Many people — mostly those who are generally healthy — stopped wearing masks when mandates were lifted in 2022. However, it's a good idea to mask up to enhance your personal protection in crowded, indoor places when viruses are circulating at high levels, as they are in some of the US right now. For example, you may not want you or your children to get sick with RSV or flu during a surge when hospitals are stretched to the max.
“In certain situations, I wear a mask in public, for example during commuting, in busy trains, or on airplanes,” Javaid said. “I am vaccinated against the flu, and vaccinated and boosted against COVID — I have received the bivalent [recent] booster as well — but I will still wear a mask in overcrowding situations, as there are many viruses around and I do not want to get infected.”
As Javaid points out, masking also protects against the flu and RSV, which is particularly important if you have little ones at home. RSV cases are currently surging, with pediatric units in hospitals overflowing and hourslong waits in pediatric ERs. On Nov. 14, the American Academy of Pediatrics called for an emergency declaration and response from the government. Flu cases are way up as well, with the CDC reporting the highest levels of hospitalizations from influenza that it has seen in a decade for this time of year.

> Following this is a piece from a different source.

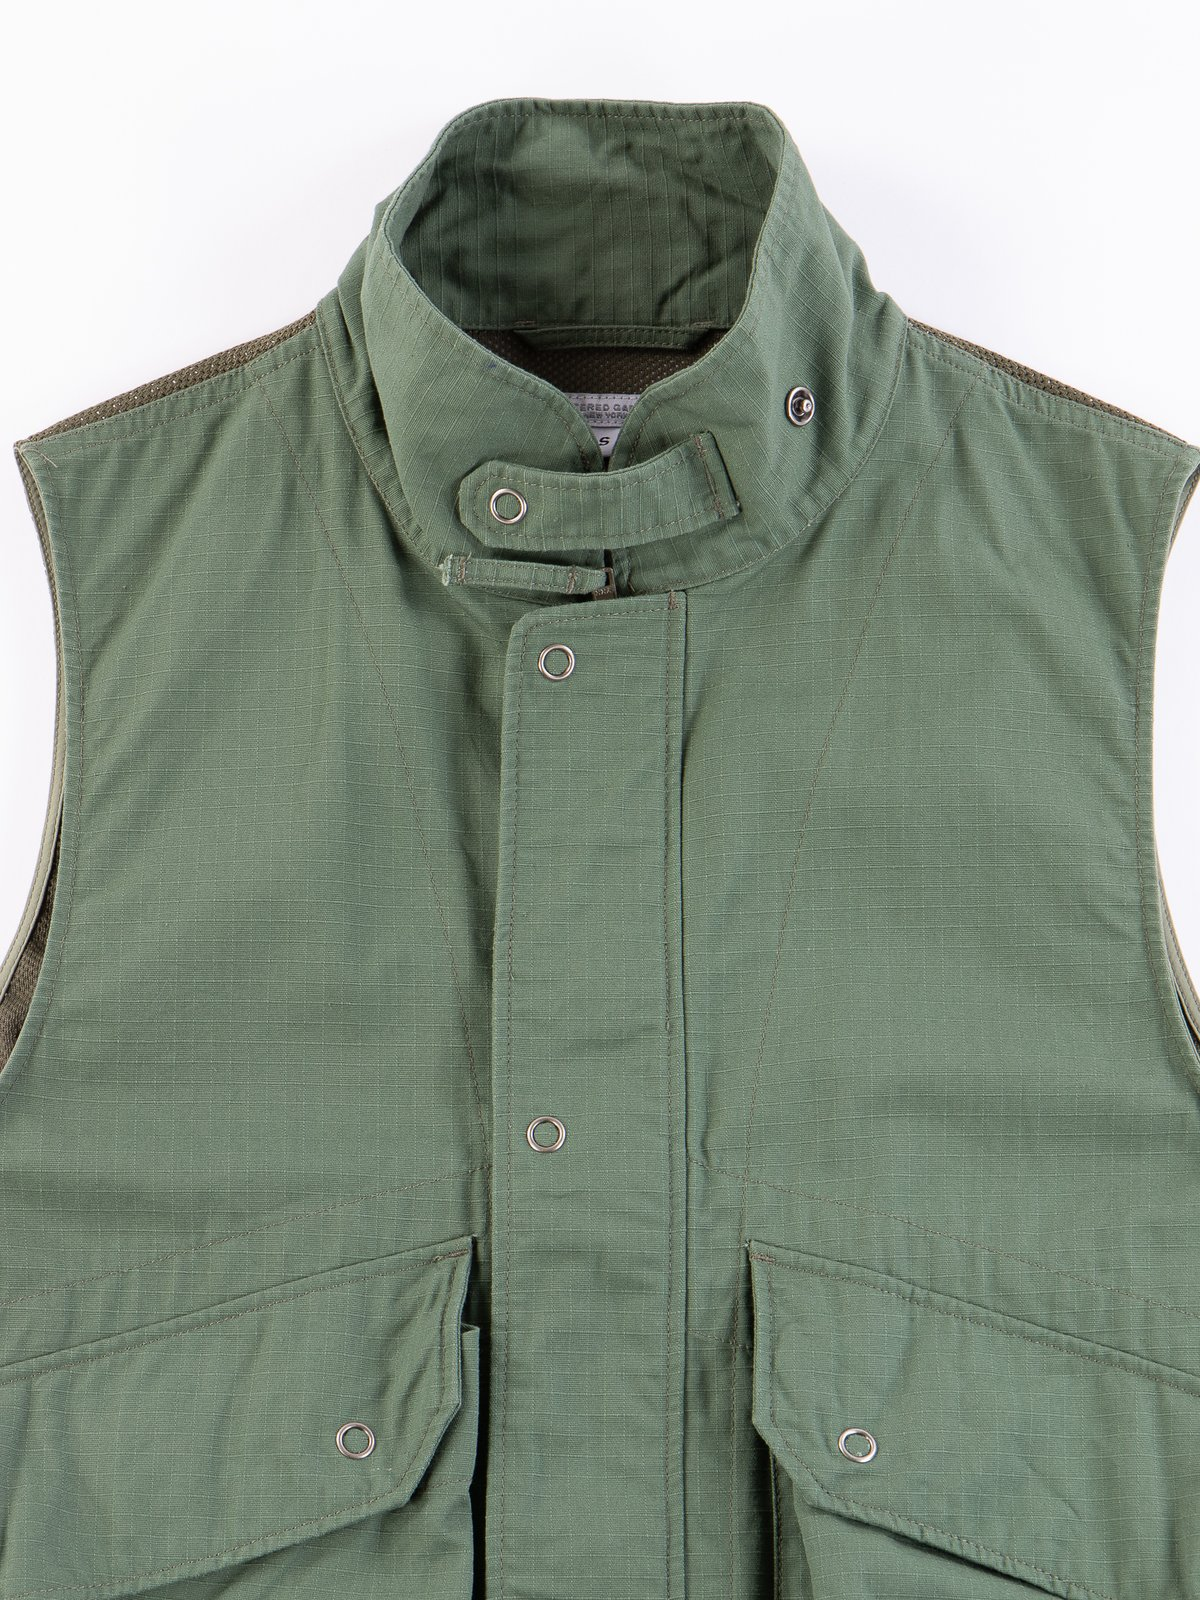 Olive Cotton Ripstop Field Vest - Image 3

“Masks do work against all common respiratory viral illnesses, including COVID-19, RSV, and influenza,” Ostrosky-Zeichner said, so you can use them to help stave off this “tripledemic.”
When to cover up
Today, universal mask recommendations may not be necessary in areas of the country with low transmission, but that doesn’t mean that there might not still be a renewed need for them if we fail to keep viral infections down.
“Everyone should wear a mask in a high-risk situation, primarily a crowded indoor space, in an area where there is more than minimal COVID transmission risk,” Ostrosky-Zeichner said. “Wearing a mask in the winter season may be the new normal, much like in some Asian countries.”
Raifman agrees that masks have their time and place and may again be widely necessary. “Ideally, we would develop rational approaches to implementing mask policies when and where they are most needed,” she said. “Examples include when there is a surge of a new variant, where we anticipate crowding and travel may contribute to a potential surge — such as on flights and transit over the holidays, and when hospitals are above capacity, as many pediatric hospitals are now.”
Debating the positives and negatives of mask mandates, though, is a somewhat different argument than challenging the clearly scientific fact of mask effectiveness. And although some media outlets seem determined to stoke fear of mask mandates, no one wants to don masks everywhere for the rest of eternity. After all, wearing masks doesn’t have to be all the time or not at all (at least for people who are generally healthy) — right now, it seems to be somewhere in between.
“My hope is that we can make the decision to wear a mask or not based on our communities and those around us as well as ourselves,” Raifman said.